Oklahoma Geological Survey (OGS)

Agency overview
- Formed: May 29, 1908; 118 years ago
- Preceding agency: Oklahoma Territorial Survey;
- Jurisdiction: Oklahoma
- Headquarters: Norman, Oklahoma United States
- Employees: 42 (2016)
- Agency executives: Dr. Nick Hayman, Director; Mr. David Brown, Associate Director;
- Website: ou.edu/ogs

= Oklahoma Geological Survey =

The Oklahoma Geological Survey is a state agency chartered in the Constitution of Oklahoma responsible for collecting and disseminating information about Oklahoma's natural resources, geological formations, and earthquakes. Shortly after Oklahoma became a state, its first legislature passed an enabling act on May 29, 1908 and Governor Charles Haskell signed it into law. The OGS was an offshoot of Oklahoma Territory's Territorial Survey, which was established in 1900. OGS remains the only state geological survey that was created by a provision in the state constitution. In 1924, jurisdiction of the OGS was officially put under the Oklahoma University Board of Regents, and has not been changed since. In 2007, OGS became part of the Mewbourne College of Earth and Energy.

==History==
The Oklahoma Geological Society was established on the Oklahoma University campus under an agreement between OU geology professor, Charles N. Gould, and the OU Dean of Arts and Sciences, Professor James S. Buchanan. Gould had founded the Oklahoma Geological Survey in 1908 and became its first director until 1911, when he left to go into private practice as a geologist. (Note: Gould returned to the Oklahoma Geological Survey as director in 1924, where he served until his retirement in 1931.)

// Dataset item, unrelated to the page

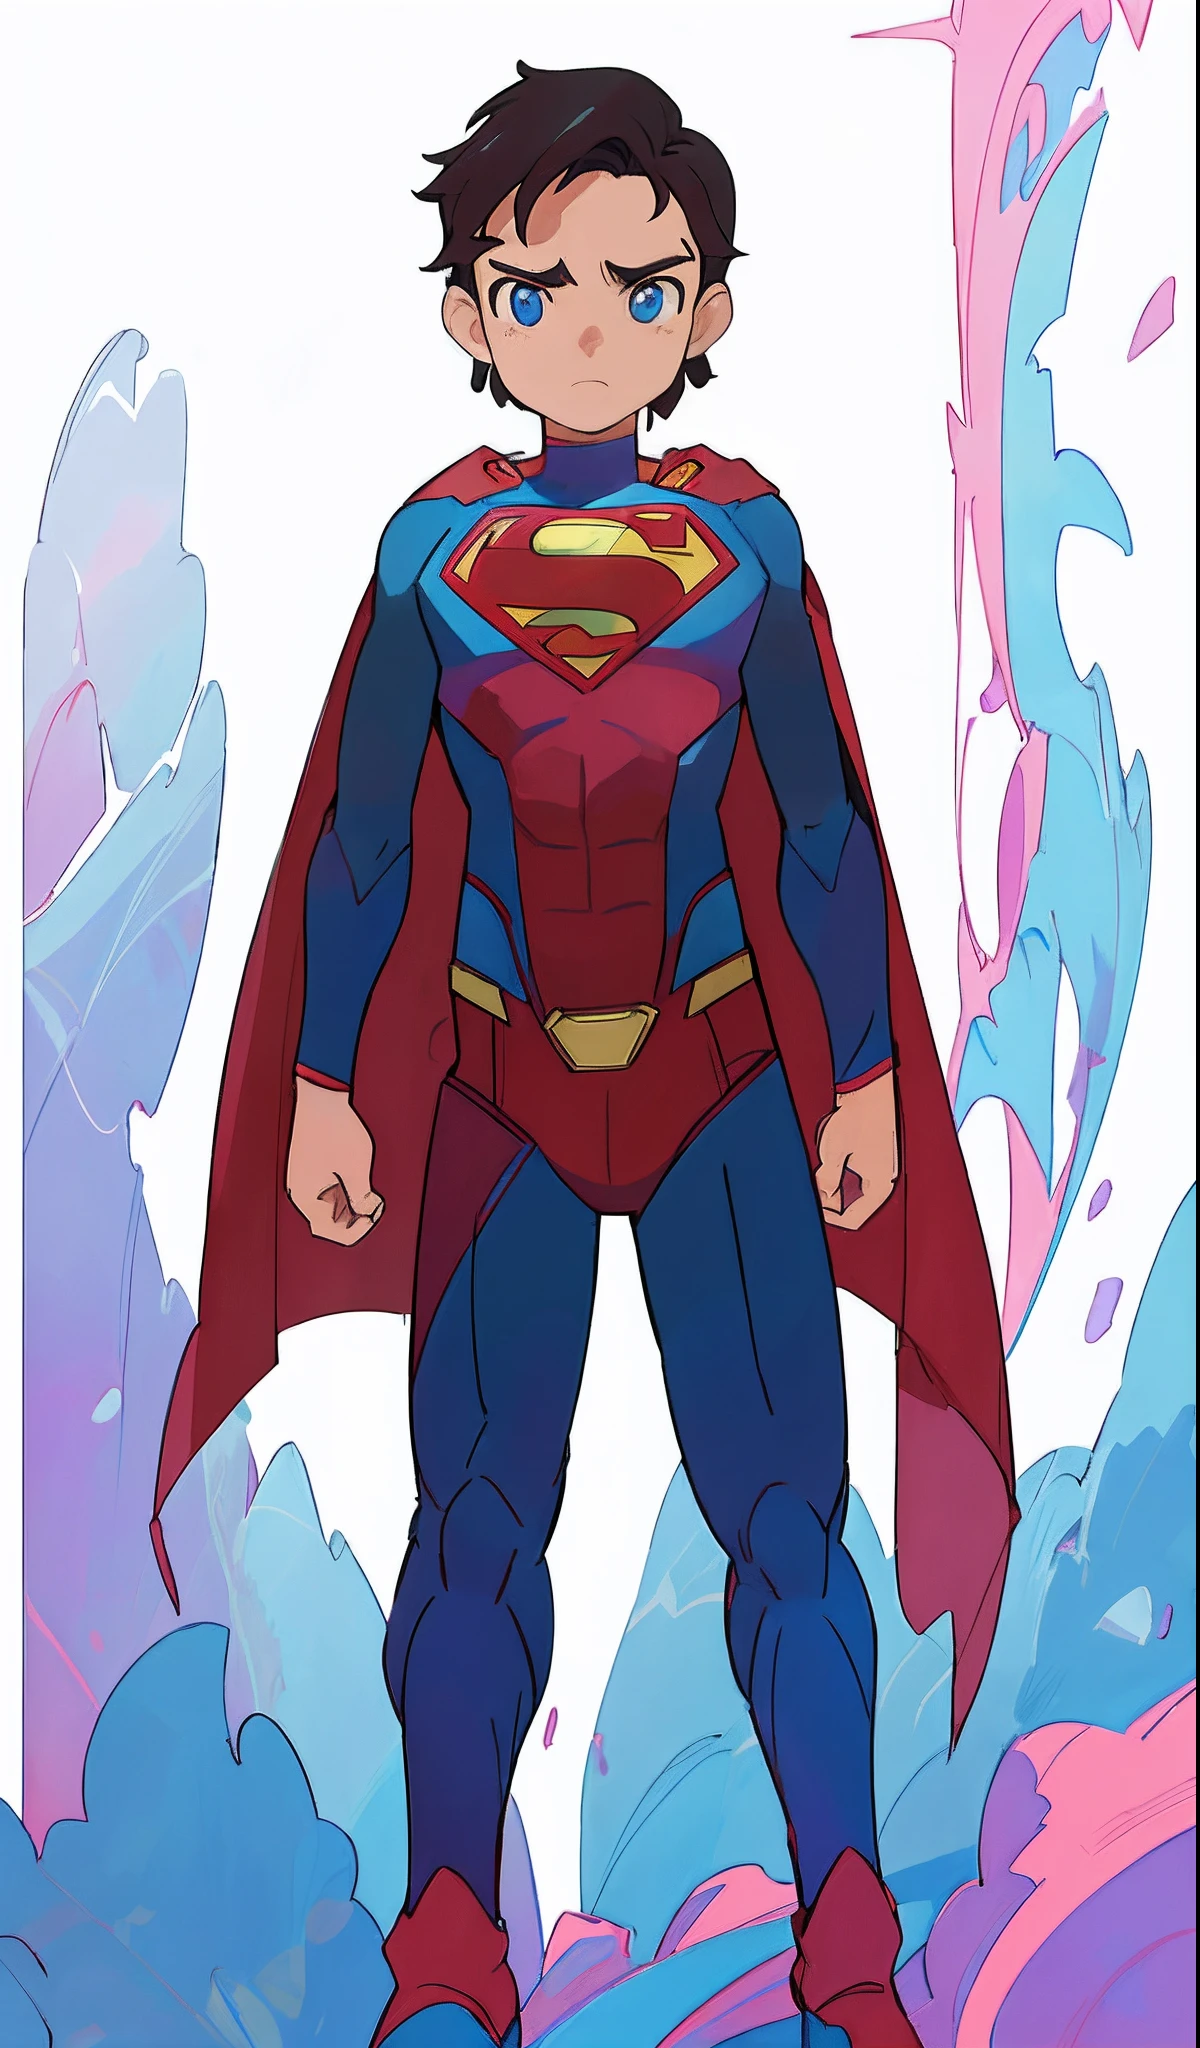 superman is standing in front of a background of blue and pink, dc comics art style, official art, official concept art, full body concept, superman, textless, inspired by Victor Mosquera, new costume concept design, by Victor Mosquera, dc comics style, digitally colored, inspired by Adam Dario Keel, clean lineart and color, superman pose, official fanart

In June, 1923, Governor Jack C. Walton, wanting to make major budget cuts to Oklahoma University, discontinued the Oklahoma Geological Survey. While Walton had been successful in removing the majority of the OU Board of Regents and replacing those members with his own supporters, his heavy handed approach toward the university had cost him much of his political support. He succeeded in having the former president, Stratton D. Brooks, resign, he was unable to bring in a high-quality president from outside before the start of the 1923–4 school year. In July, 1923, Walton appointed James S. Buchanan as Acting President. In his new role, Buchanan negotiated with Dr. Gould to revive the OGS on the OU campus in March, 1924. Moreover, Dr. Chester N. Gould returned to OU as director of the OGS.

==Facilities==
The main facilities of OGS are located at the OU main campus in Norman, Oklahoma. In 1965, OGS began operating a small geophysical laboratory near Tulsa. Its main function is to analyze earthquake activity in the state, based on data reported to this site from other seismographs scattered around the state. The Oklahoma Petroleum Information Center, which opened in 2002, allowing the expansion of the core and sample library to house more than three hundred thousand cores from Oklahoma and elsewhere, preserving for future study and analysis earth samples acquired from wells drilled as far back as the 1920s. The building also houses the OGS publication sales office and an extensive library of petroleum data for Oklahoma.

==Mission==
The mission of OGS is, "...to investigate the land, water, mineral, and energy resources of the state and to disseminate the results of those investigations to promote the wise use of Oklahoma's natural resources in a manner consistent with sound environmental practices."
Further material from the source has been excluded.